The estimation of the needs of n-3 PUFAs for Stone Age humans could be approached from another point of view; i.e. considering that the available evidence indicates that >0.5%E ALA per day corresponds to the prevention of deficiency symptoms and also that the energy derived from a gram of fat catabolism is approximately 9 kcal26. Accordingly, for Mesolithic humans, an amount of ~2 g ALA, which would be supplied by ~50 g of bison Yukagir fat, yielding ~500 kcal, would need to be ingested to avoid n-3 PUFA deficiency symptoms. It is reasonable to suppose that such amount could be consumed, as the energy presumably produced would be under this ceiling. However, taking into account the variations in the percentage of ALA in the subcutaneous fat of bison detected at such period (Table 3), it is likely that the intake of n-3 were much more effective through the ingest of the subcutaneous fat of monogastric mammals, whose intake might have provided to early anatomically modern humans hunters the n-3 PUFAs needed for the maintenance of long-term health and prevention of specific chronic diseases.

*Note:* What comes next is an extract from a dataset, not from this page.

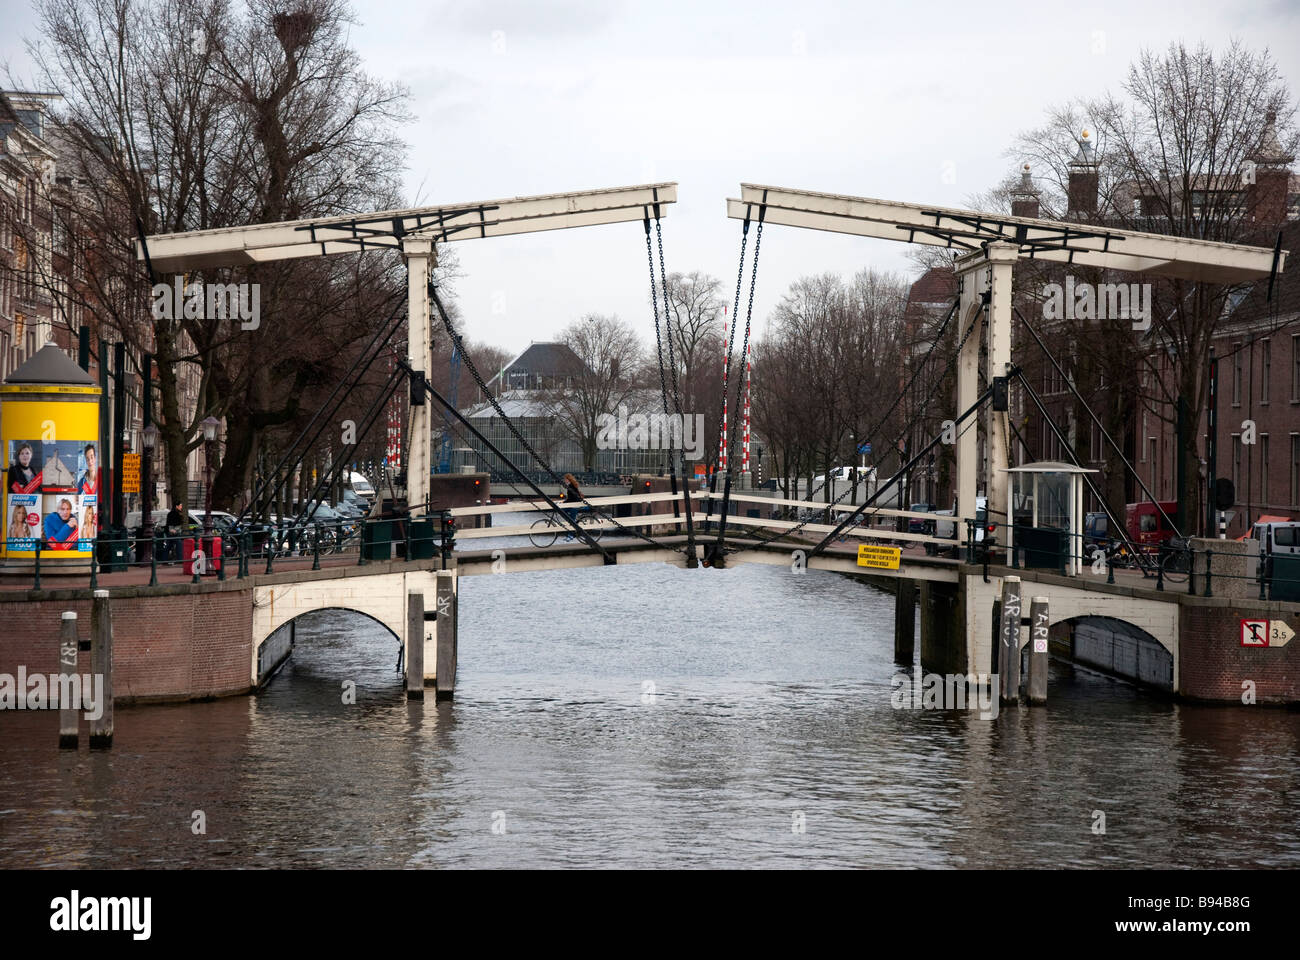 Doble hoja puente levadizo típico holandés Amsterdam Foto de stock
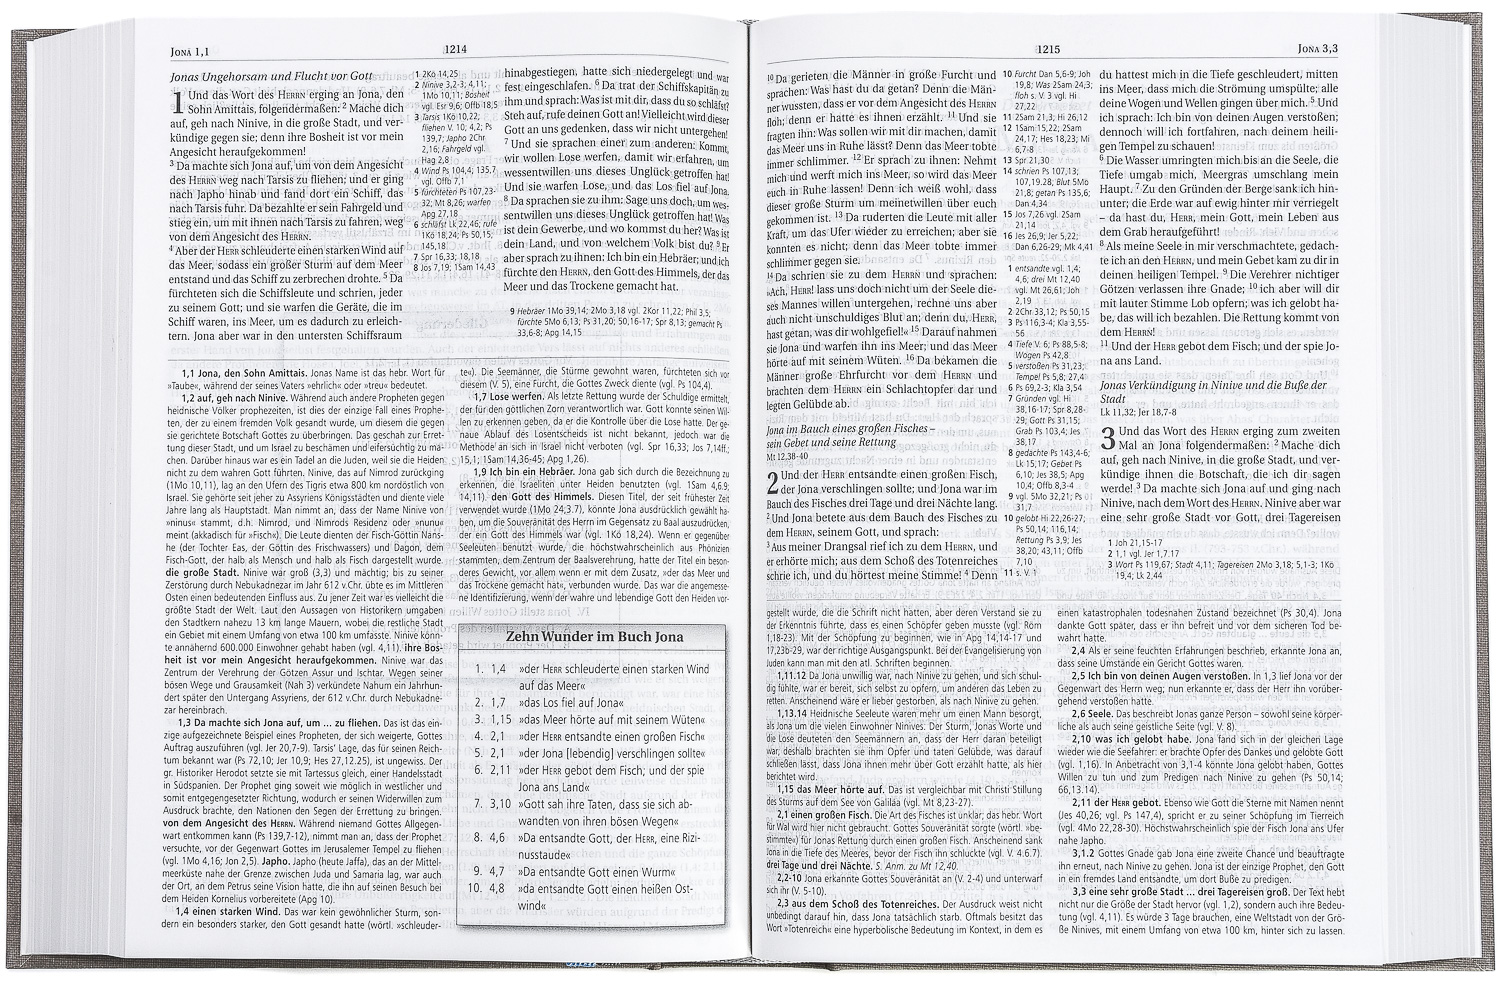 MacArthur Studienbibel – Schlachter 2000 (Hardcover, grau)

In conclusion, this study presents the FA profiles of several bison fats found in the Siberian permafrost, all of them from the early Holocene and thus contemporaries of Mesolithic hunters in the considered area. The coexistence of more or less transformed fatty areas confirms the mechanism of adipocere formation. The best-preserved areas indicate significant concentrations of n-3 PUFAs, in quantities greater than those displayed by bison today, although probably in insufficient concentrations to provide the daily needs of n-3 PUFAs for maintaining good health during that period.